I was too ashamed of the actual reason that I was doing community
service to tell the nice lady at the library why I needed to do some
work for six hours and then have her sign me a note. I told her it
was for a scout project and that I wanted to help out. The library
had moved from the old city building on main street up to an
abandoned wing of what we called the 'old school' . I was a building
that had been deemed too dangerous for the kiddies so they put the
library and the old folks in there instead. The library had just been
put in boxes waiting to have the 12 years of neglect cleaned out of
the old building and then to be re-shelved. I was going to serve my
dad mandated duty on a day when the part time librarian was stacking
the books onto the shelves of the old school library. She lined me
out with some apple boxes full of books that probably had never been
read in the old library and would probably go unread in this one and
told me to stack them in alphabetical order. As with any task I
undertake I am commuted to doing it as fast and as efficiently as
possible as a matter of personality defect, perhaps it is my German
heritage. I started systematically laying out the shelves with
letters and then placing the books in each as quickly as I could. I
had made the classic amateur librarian mistake of giving each letter
a shelf when there are very few books that start with 'Q' and 'Z'.

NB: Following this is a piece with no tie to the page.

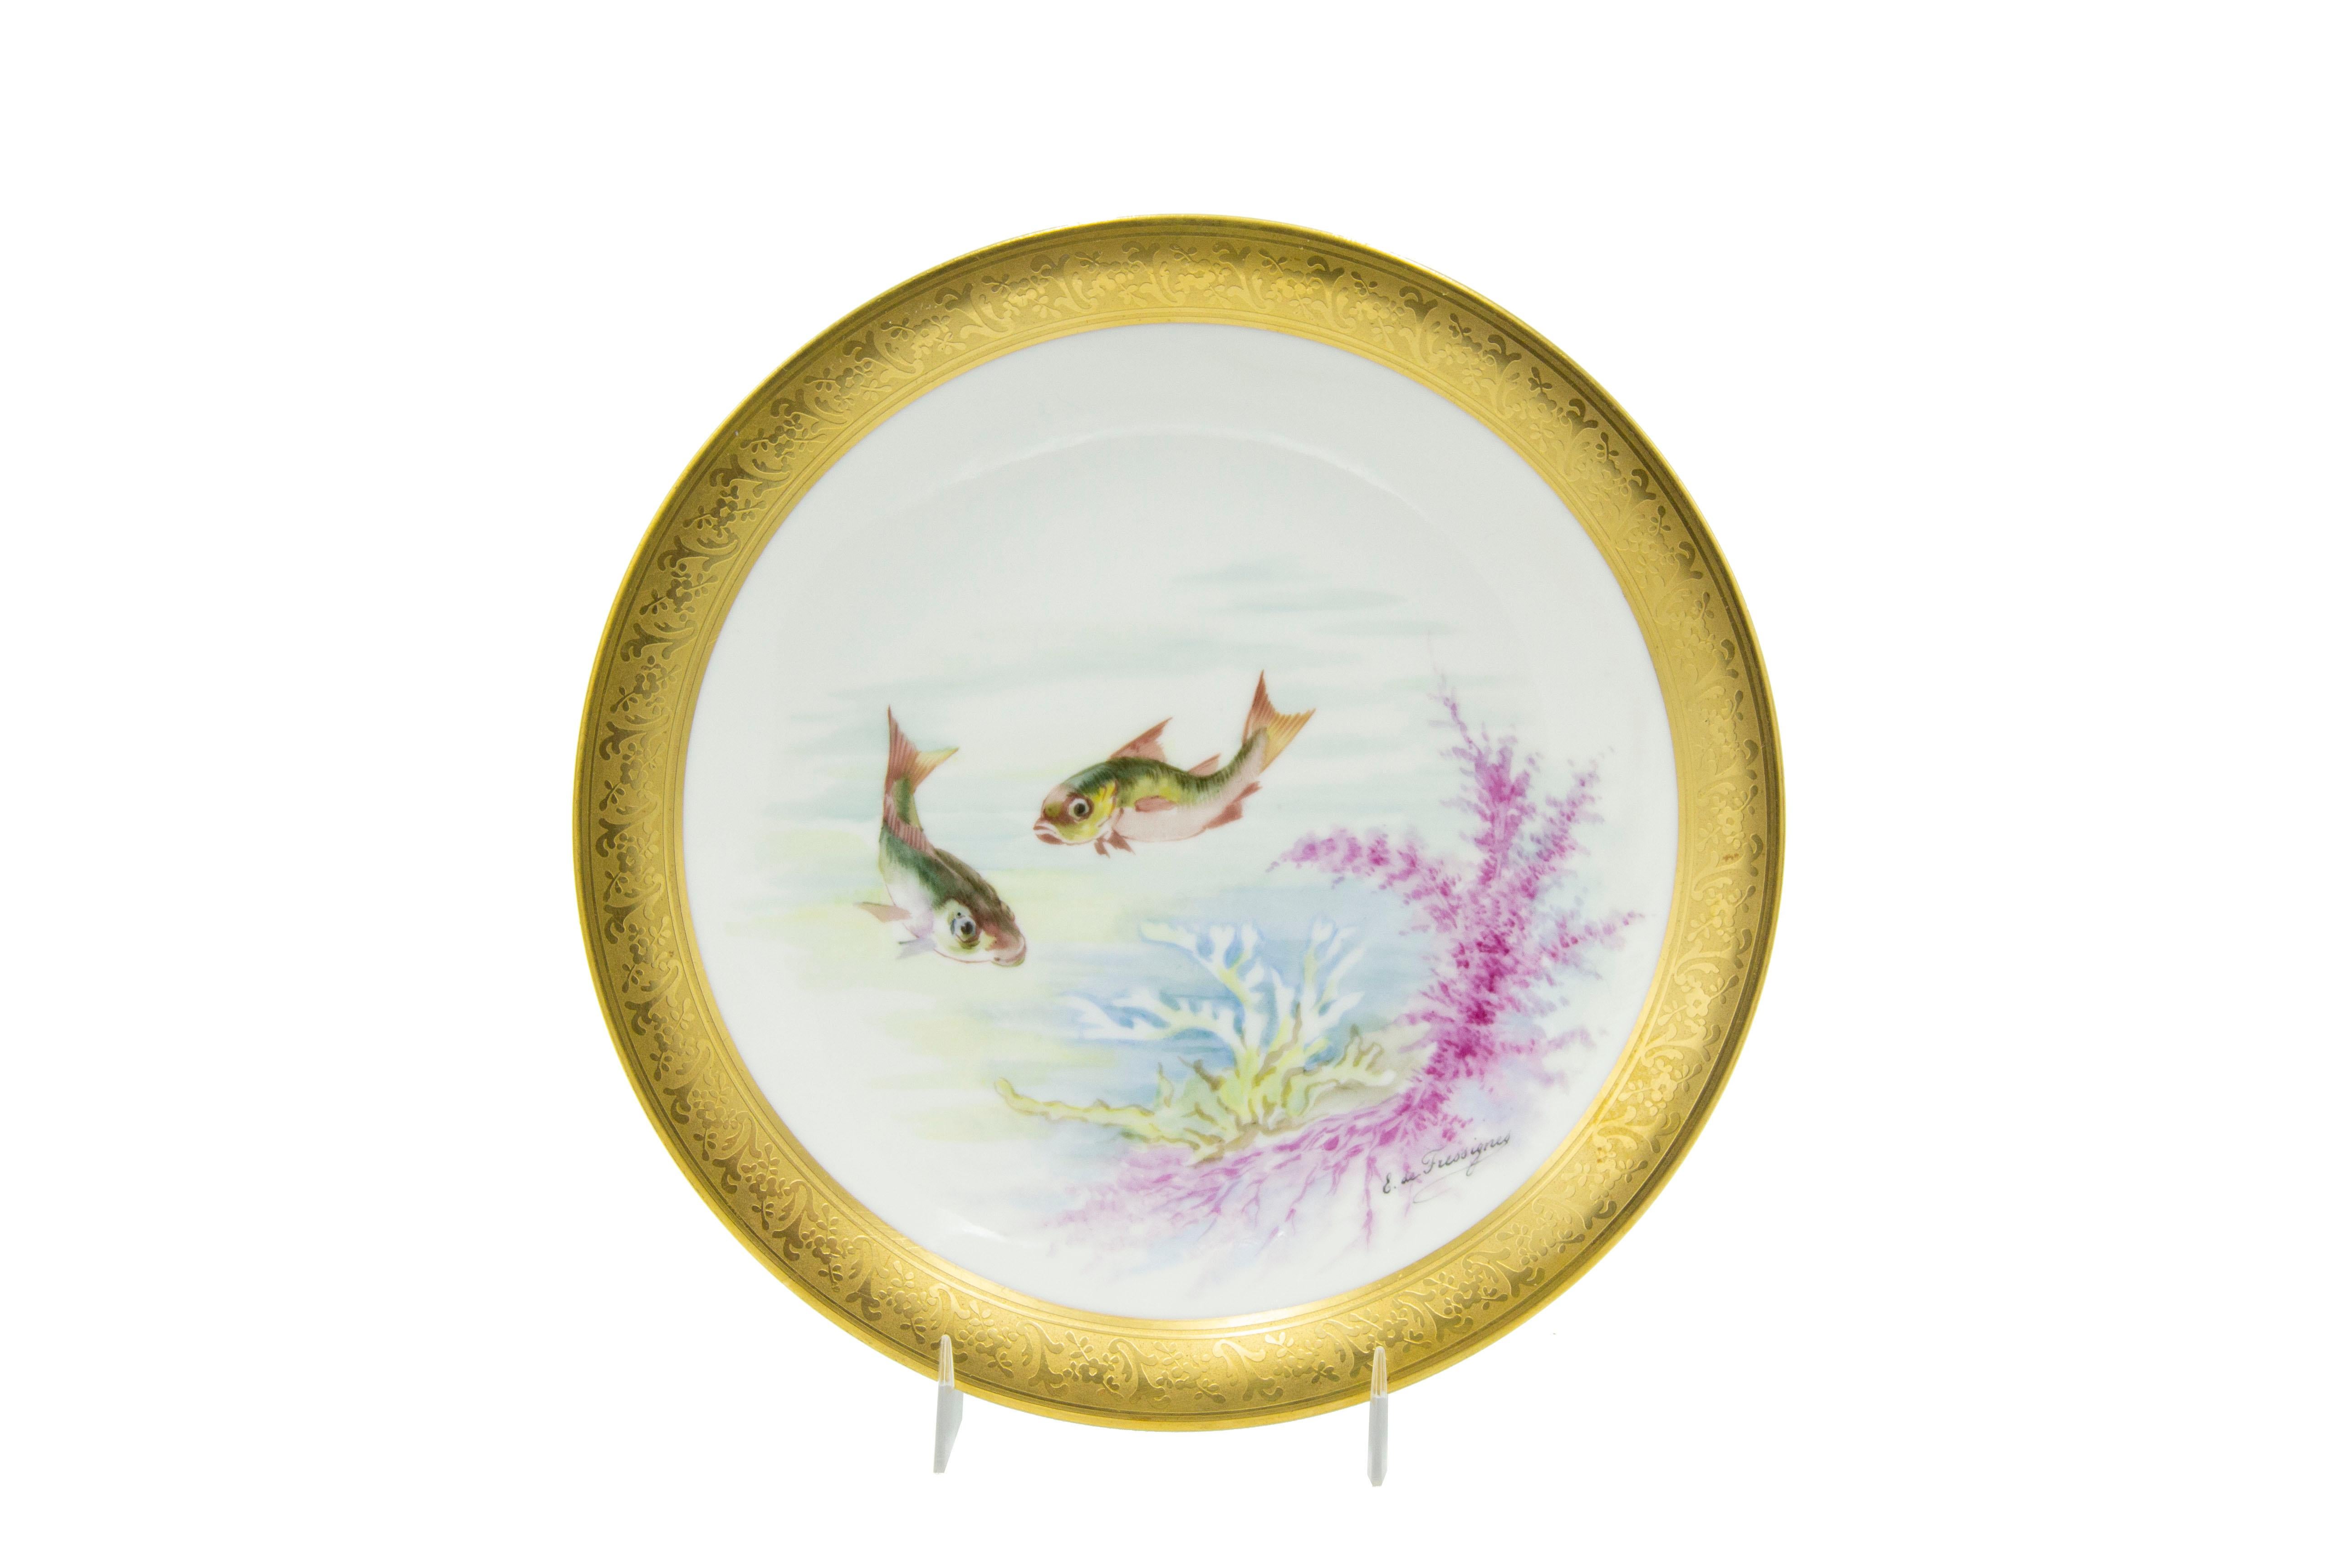 Set of 12 French Victorian-style (Early 20th Century) porcelain plates with gilt border and depicting fish, designed and signed E. de Fressignes (by Elite of Paris for Bawo & Dotter of New York)

After a few systemic shifts I was really tearing through the books at
a tremendous rate, I was trying to stack a box every ten minutes and
I was getting really close. Our part time librarian was getting a
little nervous that my pace to too rapid to be properly sorting the
books so she told me to stop for a bit while she checked to make sure
I was not just slopping them up. I was offended. I had a system and I
was wicked good at putting books where they went. She scrutinized for
a long couple of minutes and could find no defect in my work but
admonished me to go slow, be careful and do it right. I was so
irritated that she would tell me to slow down when I was doing it
right at warp speed that I did no more meaningful work for the rest
of the day until my six hours was up. She gave me a signed note
skeptically and I was off to buy my freedom with a scrap of paper
from a lady who preferred slow correct work to fast.